Great explanation! I find interesting that in this explanation it may be implied that random effects models (aka multilevel or mixed effects models) may be favoured to fixed effect ones, which instead through a lot of information away. Some researchers especially in econometrics instead would make the distinction between FE and RE models (rather than random and fixed effects) and favour fixed effects
Good data allows organizations to establish baselines, benchmarks, and goals to keep moving forward. Because data allows you to measure, you will be able to establish baselines, find benchmarks and set performance goals. A baseline is what a certain area looks like before a particular solution is implemented.
Hey! thank you so much for this explanation it was truly helpful. I was wondering if you could answer a question I had about the topic. What if you wrongly assume a factor to be of random effect how would that affect your results if at all?

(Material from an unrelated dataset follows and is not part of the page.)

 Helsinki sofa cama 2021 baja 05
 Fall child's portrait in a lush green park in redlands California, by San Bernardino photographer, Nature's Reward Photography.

sad truth is that I did mixed models once for a publication and one of the reviewers said the statistics section is hard to understand and not common, so i should use anova instead... cheers to the standards of nowadays science edit: After submitting to a journal in another field where I knew from a colleague that the standards in statistics are a little higher, I had no problems anymore.
That is why we have many independent variables to capture the random effect.. but what i was expecting how these fixed vs random effecting impacting the model.. where we already tried using many independent variables
Hi Sir, if Hausman test indicates that fixed model is more appropriate than random effect model, and if in that case, in data time period (T) > cross section units (N), which FEM is to be chosen: time (T) FEM or Cross section (N) FEM?
Firstly, i would like to thanks for you interesting study, my data have two land uses(exclosure and non exclosure) with three site in each land use how to arrange my data and make analysis using liner mixed effect model
You talk about dependence within individuals. Why can you not include a dummy variable for each individual and, if desired, an interaction of this dummy variable with the covariate? This is a FE model. What is the value in pretending that the individual parameters follow a normal distribution (when they might not)?
Hi Chris, the approach you describe only works if "sphericity" is satisfied, for which you need equal variation on the dependent variable for each cluster (each individual in this case). While Mauchly's test tries to identify whether sphericity is violated, a mixed model assigning a random effect to the clustering variable avoids this requirement
I love you Tom, you managed to explain this incredibly important point to me in such an eloquent manner that I finally understand its significance!
love him too
Excellent explanation of effects in statistical models! Huge thanks Tom, you are the best!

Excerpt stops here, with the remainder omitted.